Safe Routes Scoop

The Bike Church: Helping Asbury

Park Youth, One Rider at a Time

Program Origins


How do you encourage children in your community to enjoy all the benefits of bike riding while in a safe and supportive environment? This was the key question Kerri Martin sought to answer when she created the Bike Church program in Asbury Park in 2005. Martin describes the Bike Church as a youth “earn-a-bike” program with a core focus on recycling, as all of the bikes in the program are donated.
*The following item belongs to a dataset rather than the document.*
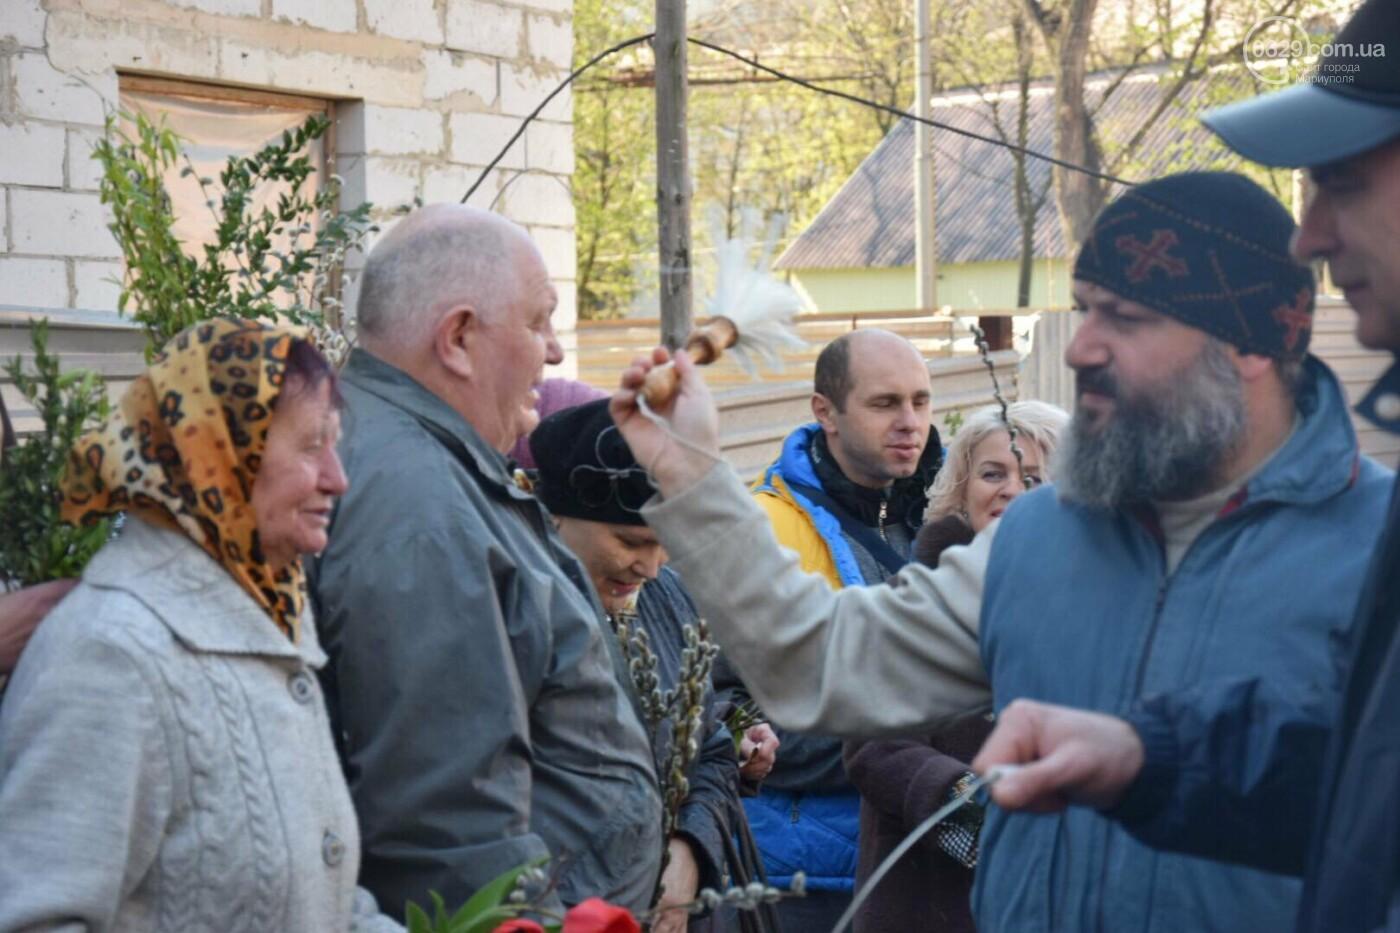 Выборы и верба: как Мариуполь празднует православный праздник, - ФОТОРЕПОРТАЖ, фото-6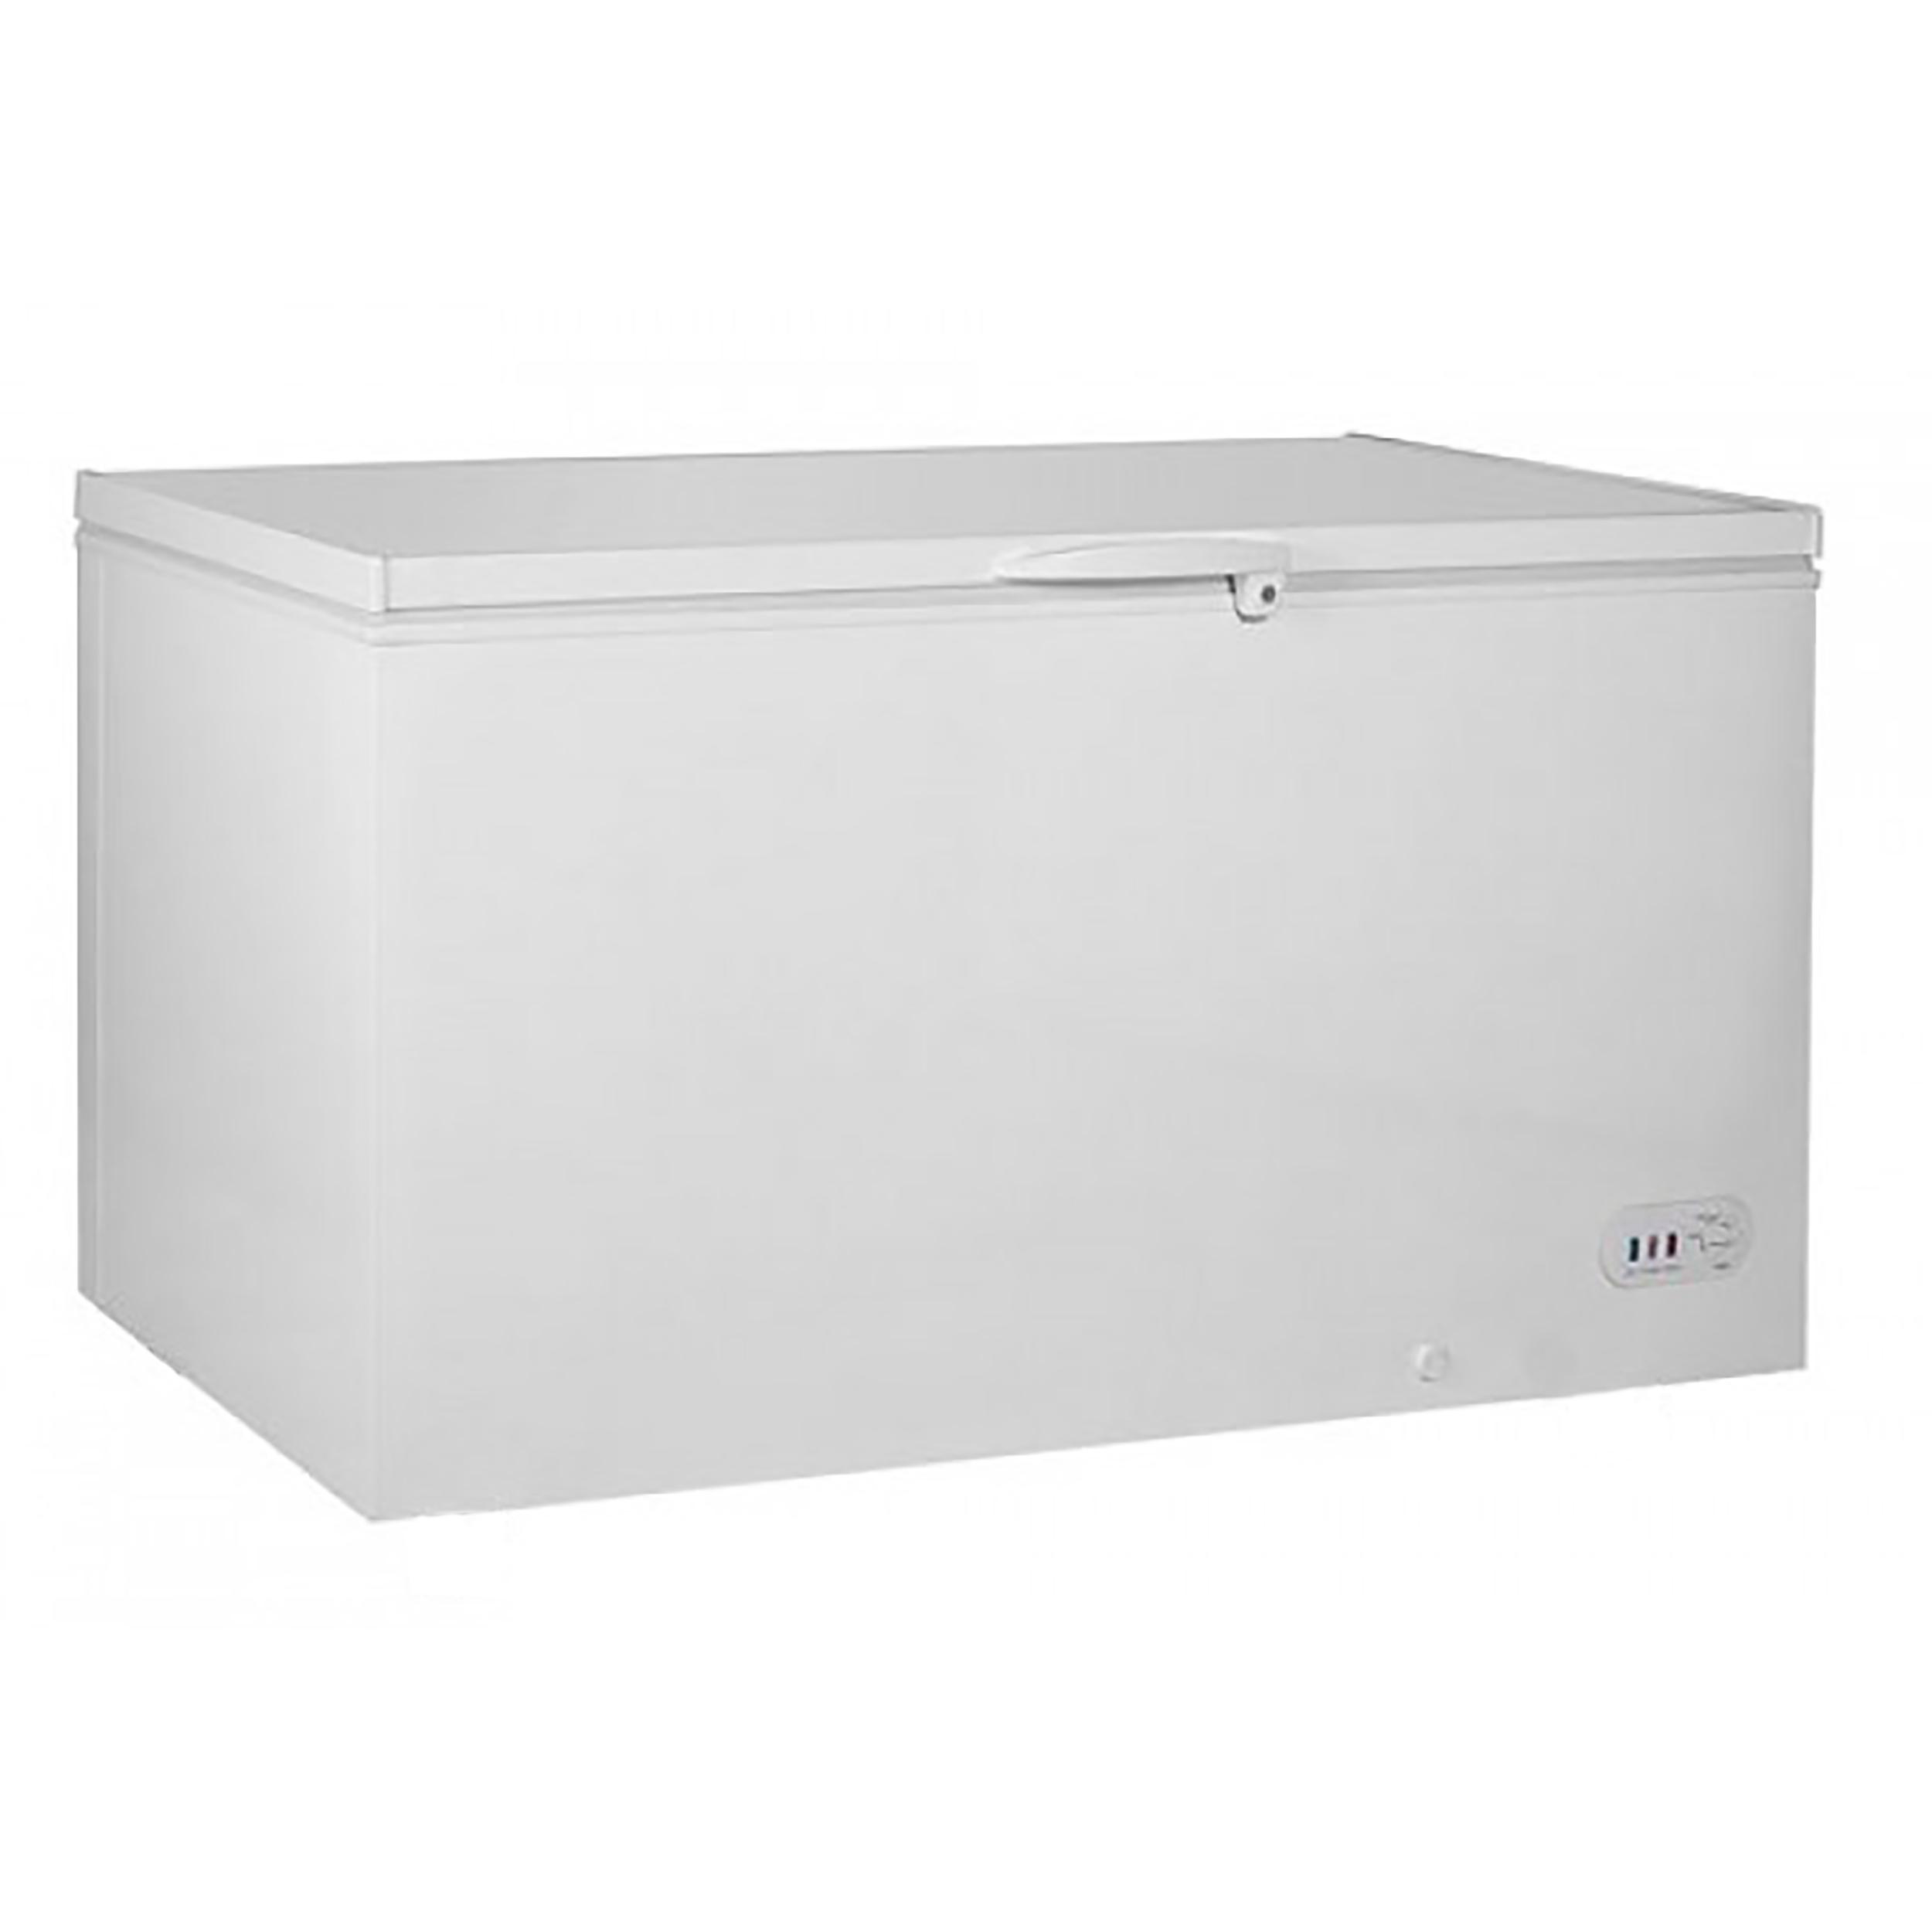 Adcraft (Admiral Craft Equipment) BDCF-13R chest freezer

Martin became familiar with youth bike programs while working with the Recycle-a-Bicycle initiative of New York City. After relocating to the Asbury Park area, Martin went to work for the Brielle Cyclery where she began pursuing her idea of a bike recycling clinic targeted to the children of Asbury Park.

 

Martin approached city officials and reached out to local civic organizations, including the Boys & Girls Club. She ultimately found a home for her program when she met Father Bill McLaughlin of Asbury Park’s Holy Spirit Church. Father McLaughlin facilitates a variety of community programs and offered the use of the church garage and driveway for Martin’s youth program.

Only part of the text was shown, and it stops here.